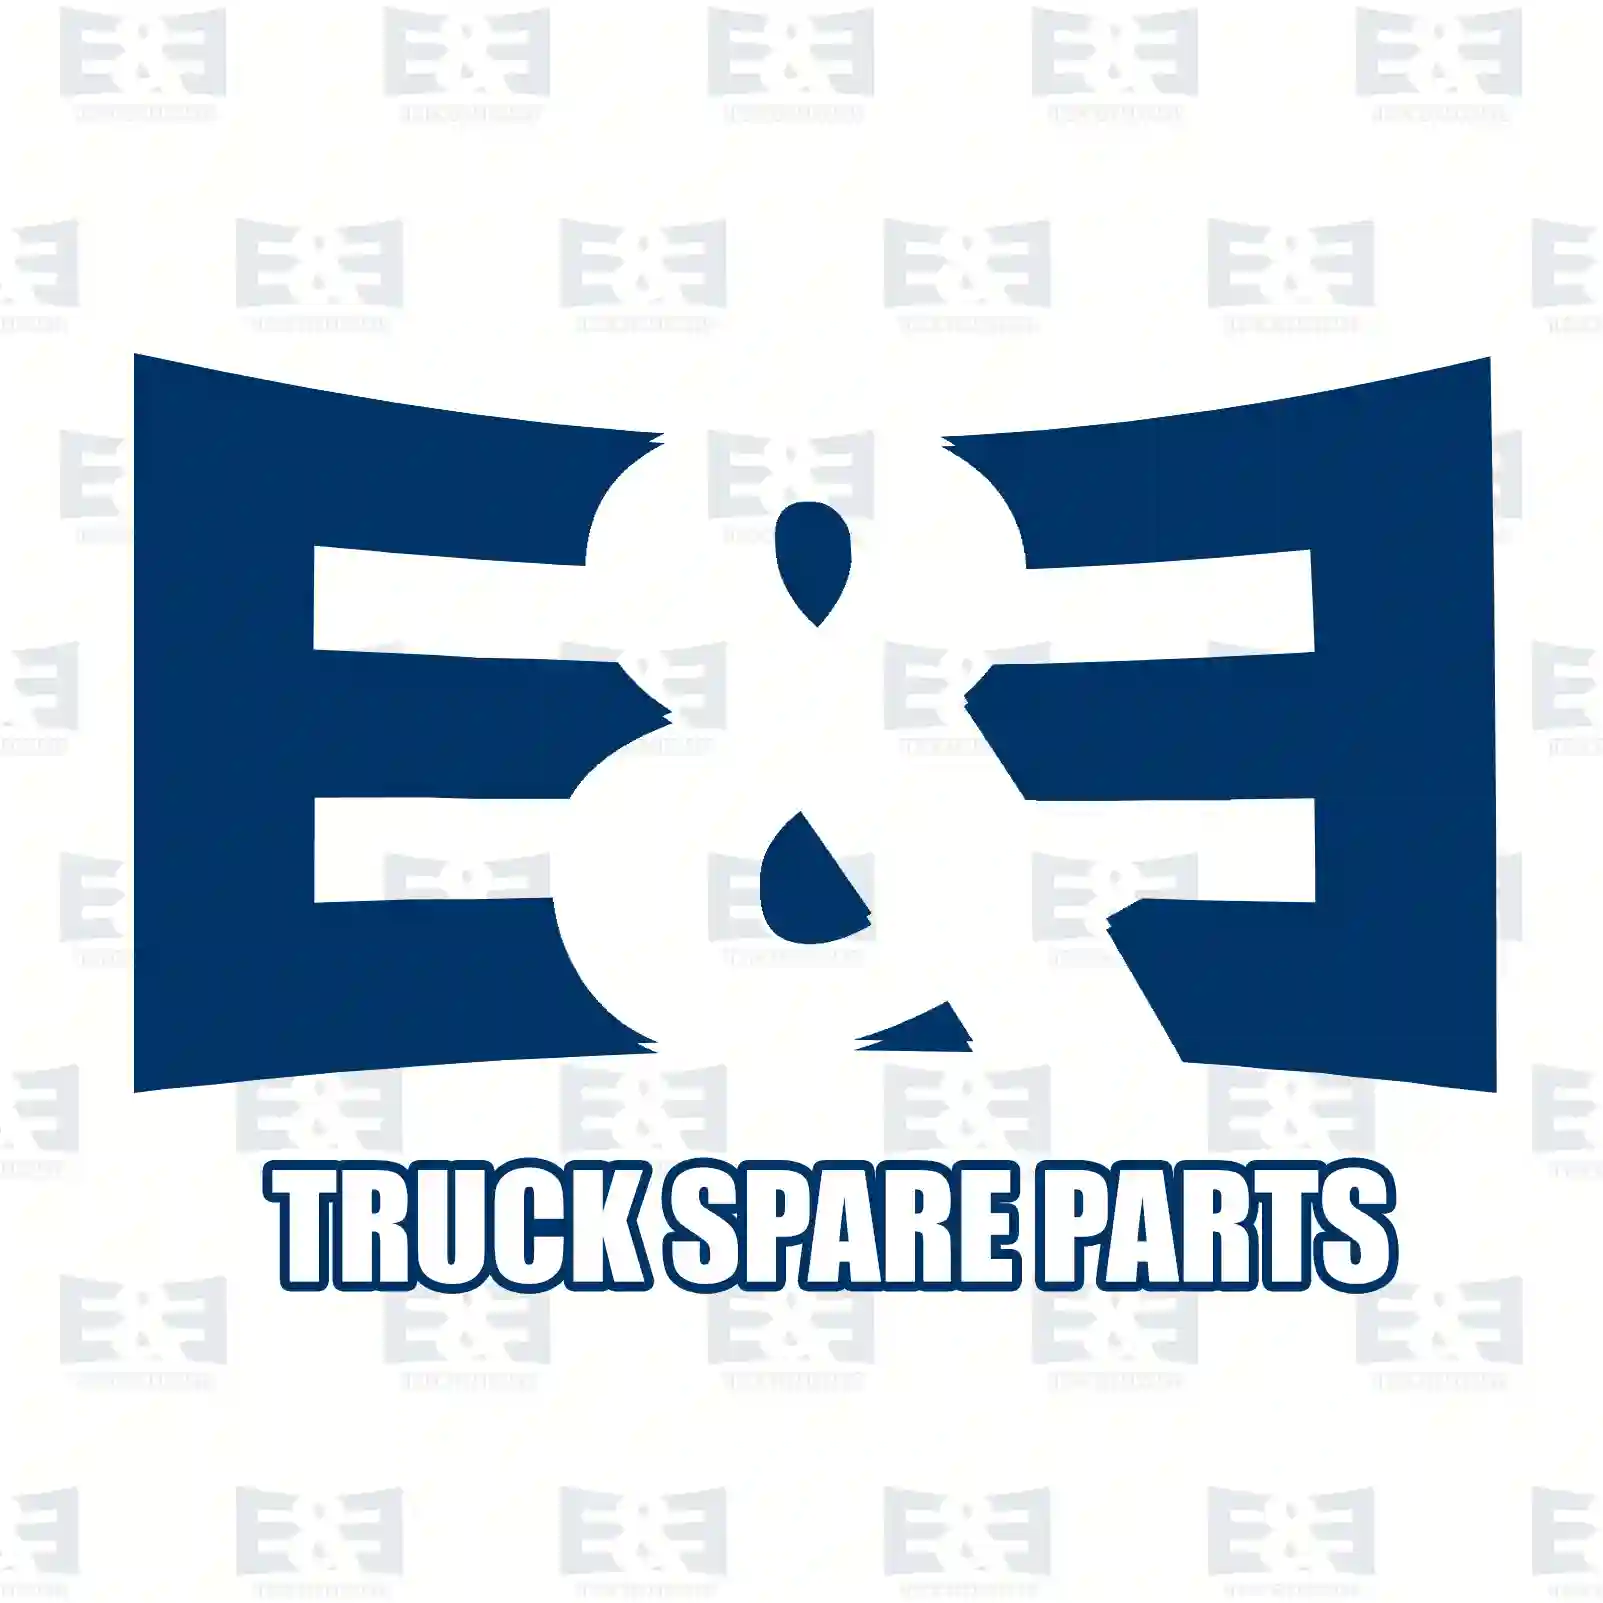 Brake disc, 2E2296281, 1371393, 1503287, 1546747, 6C11-1125-A1B, 6C11-1125-AA, 6C11-1125-AB, , , , ||  2E2296281 E&E Truck Spare Parts | Truck Spare Parts, Auotomotive Spare Parts Brake disc, 2E2296281, 1371393, 1503287, 1546747, 6C11-1125-A1B, 6C11-1125-AA, 6C11-1125-AB, , , , ||  2E2296281 E&E Truck Spare Parts | Truck Spare Parts, Auotomotive Spare Parts
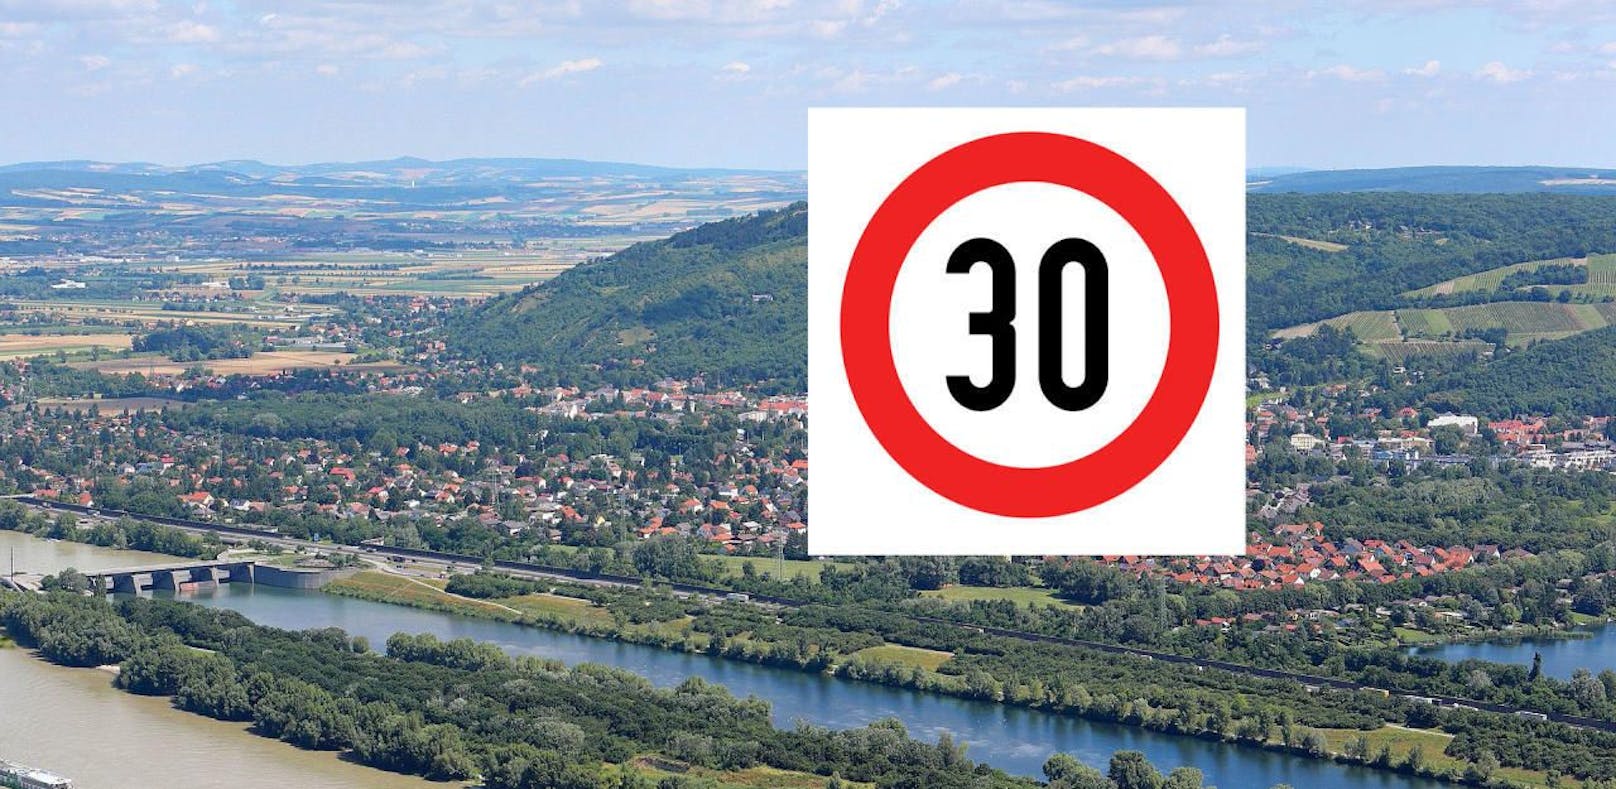 Die 30 km/h-Beschränkung gilt ab sofort flächendeckend in Langenzersdorf.
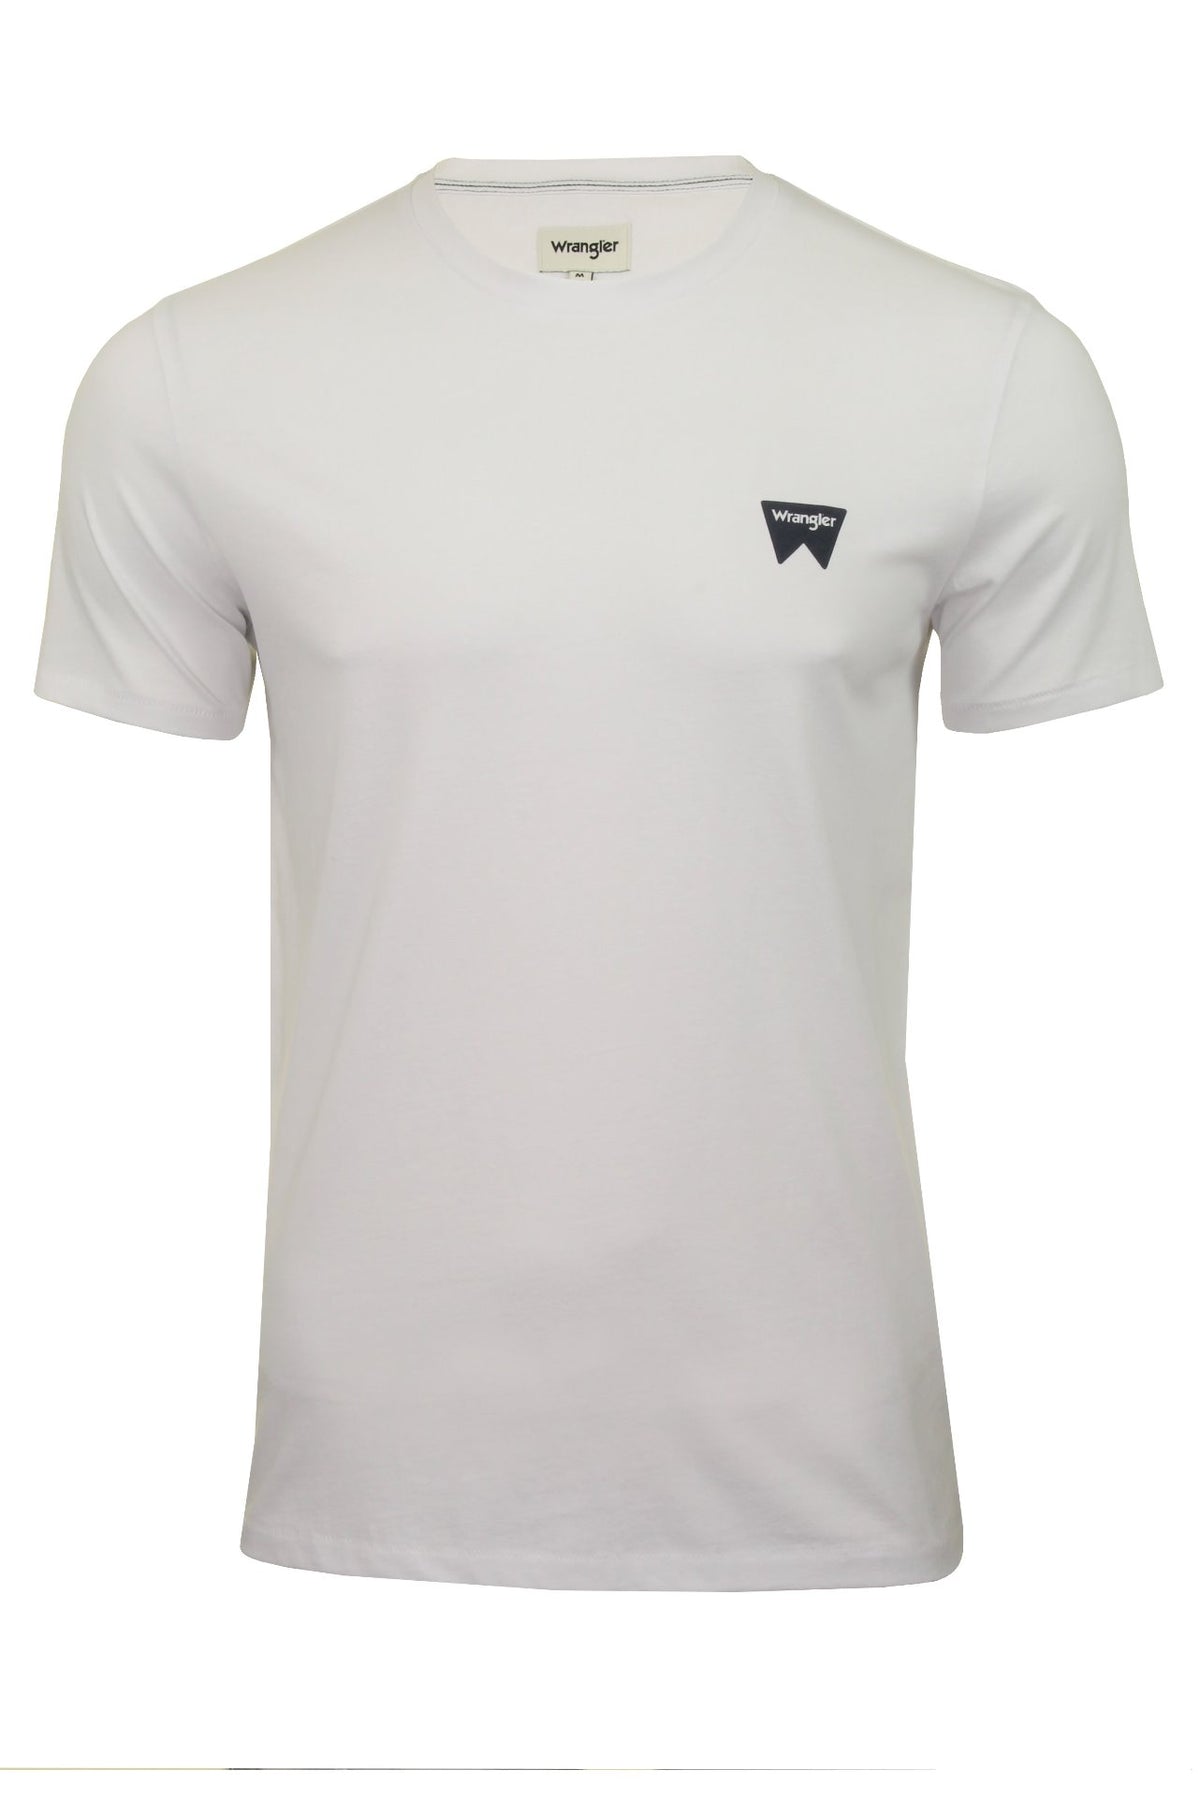 Wrangler Mens T-Shirt 'SS Sign off Tee', 01, W7C07D, White
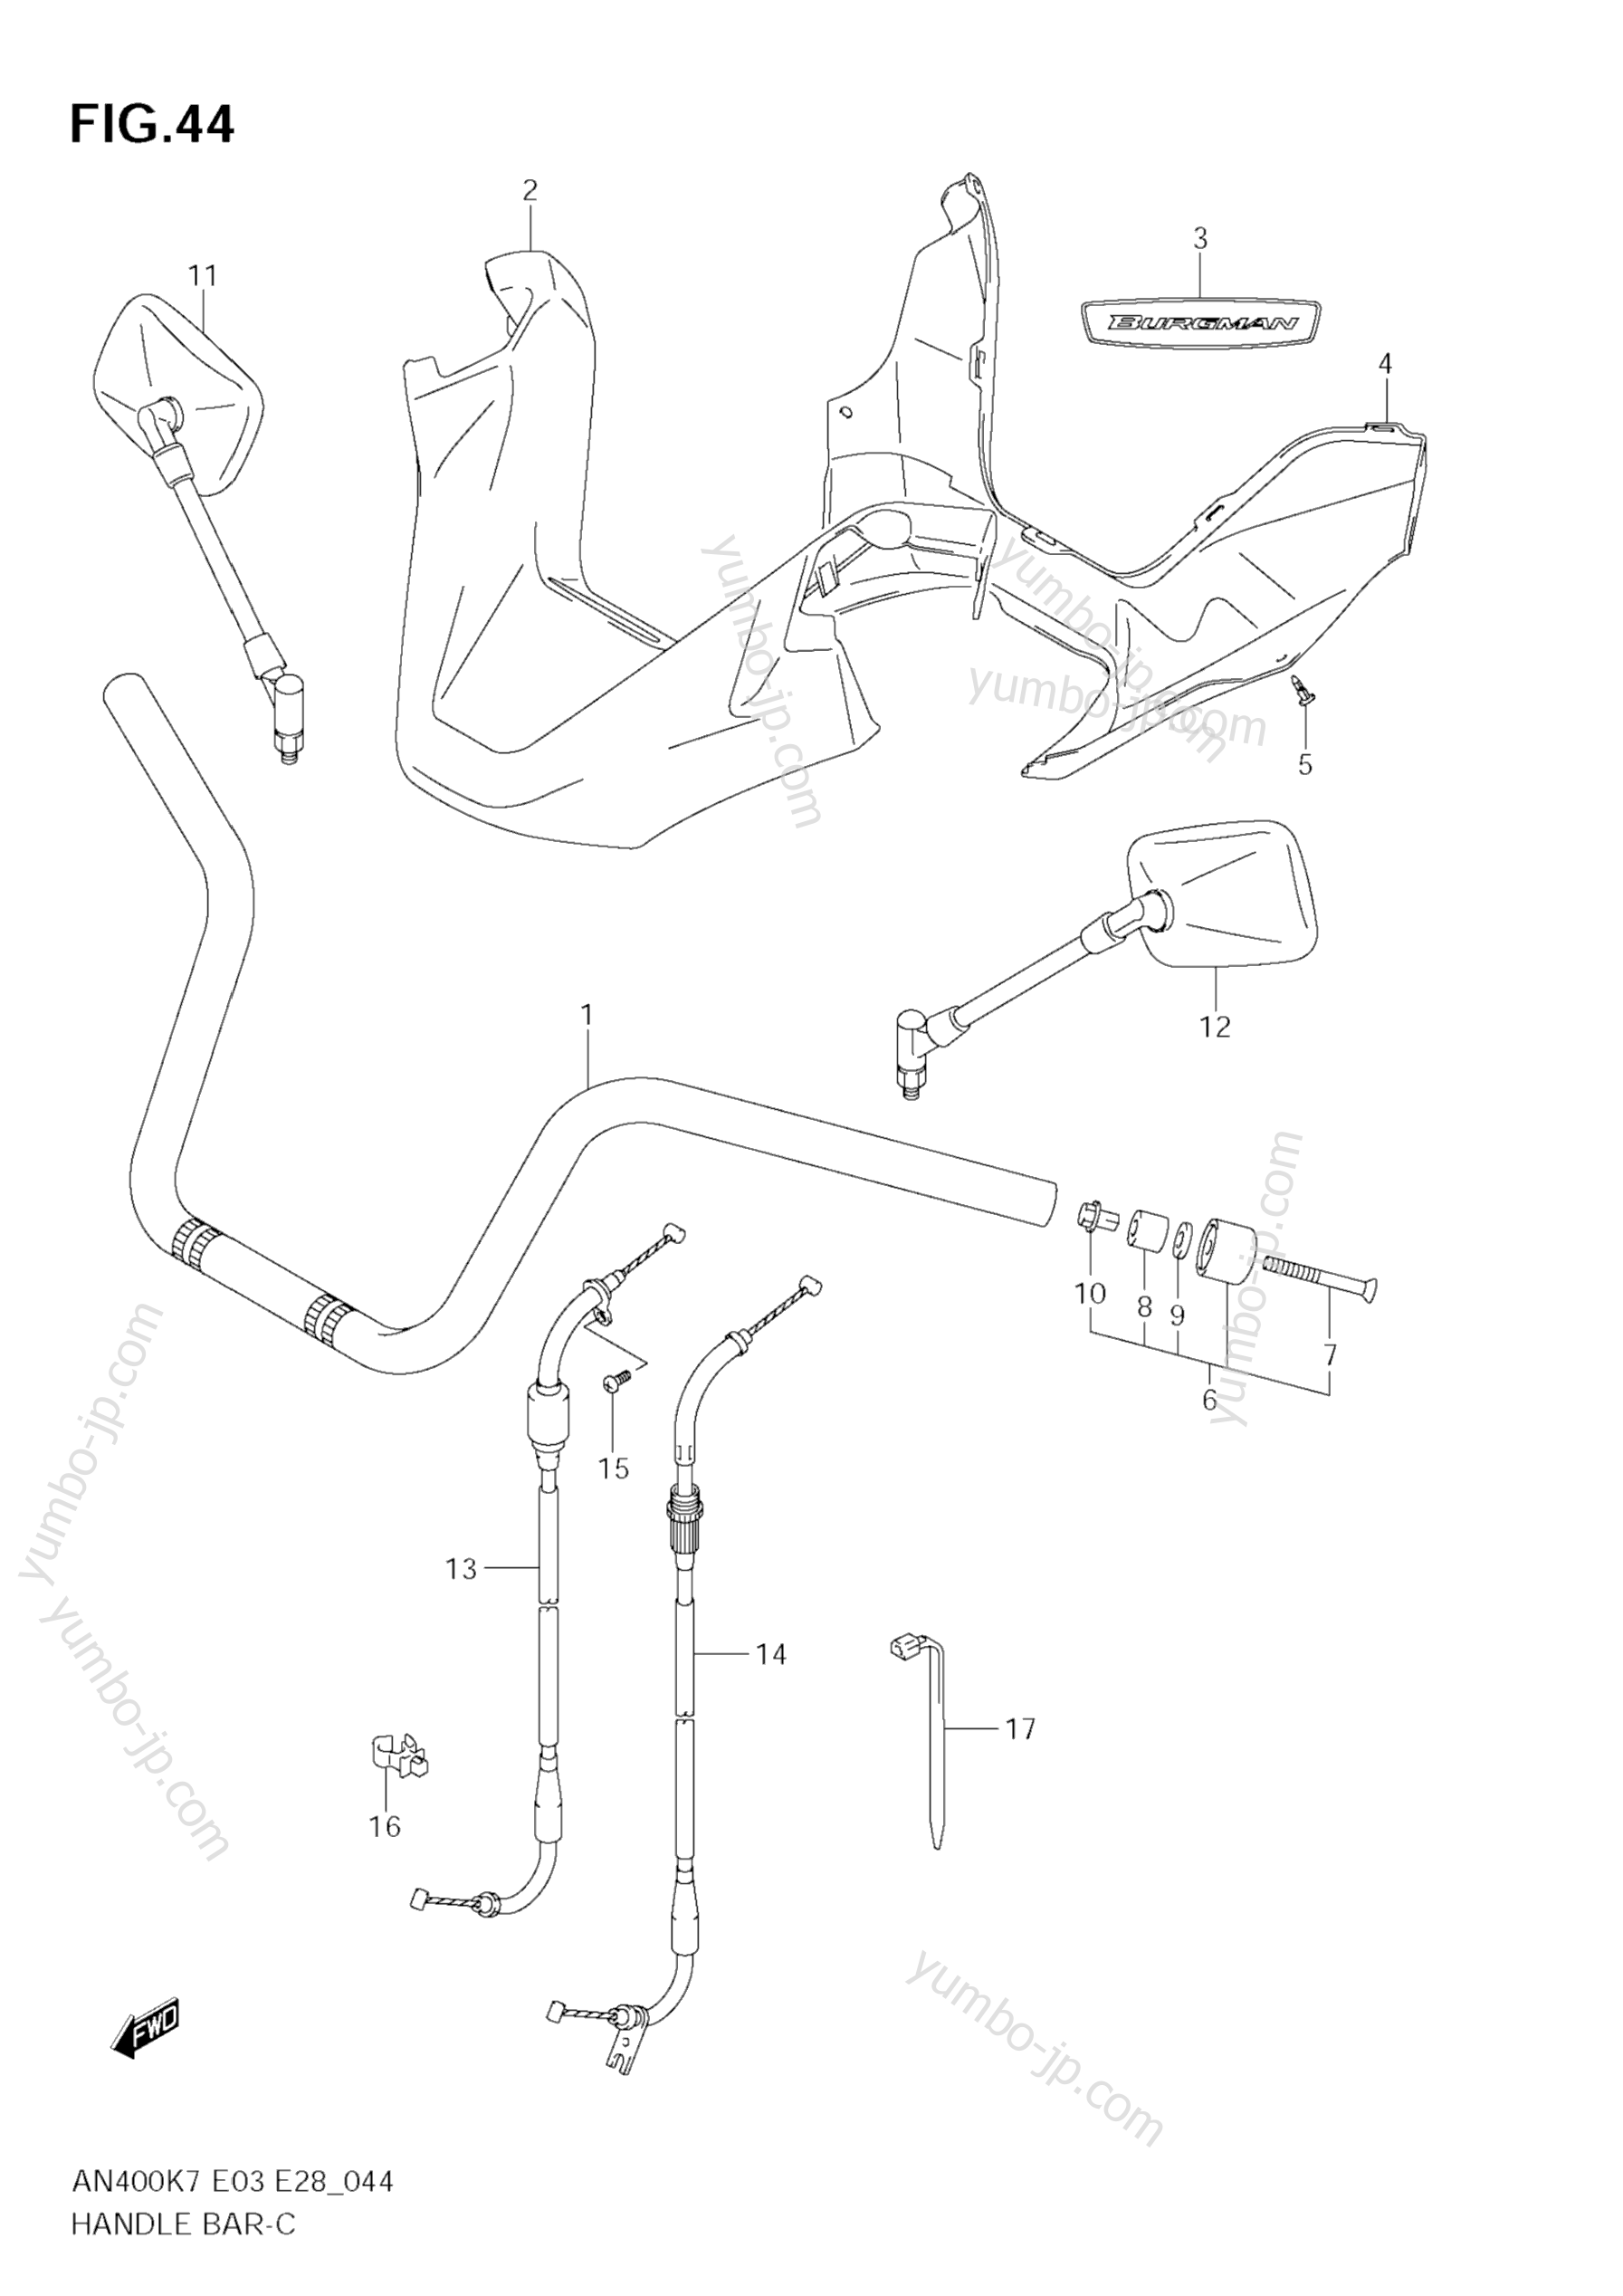 Румпель (рукоятка управления) для скутеров SUZUKI Burgman (AN400A) 2007 г.

▸ YOUR ASSIGNMENT:
With the pictures omitted, reproduce the data above exactly.

▸ SOLUTION FOR THIS PROBLEM:
 Brake disc, 2E2296281, 1371393, 1503287, 1546747, 6C11-1125-A1B, 6C11-1125-AA, 6C11-1125-AB, , , , ||  2E2296281 E&E Truck Spare Parts | Truck Spare Parts, Auotomotive Spare Parts Brake disc, 2E2296281, 1371393, 1503287, 1546747, 6C11-1125-A1B, 6C11-1125-AA, 6C11-1125-AB, , , , ||  2E2296281 E&E Truck Spare Parts | Truck Spare Parts, Auotomotive Spare Parts
 Die 30 km/h-Beschränkung gilt ab sofort flächendeckend in Langenzersdorf.
 Wrangler Mens T-Shirt 'SS Sign off Tee', 01, W7C07D, White
 Румпель (рукоятка управления) для скутеров SUZUKI Burgman (AN400A) 2007 г.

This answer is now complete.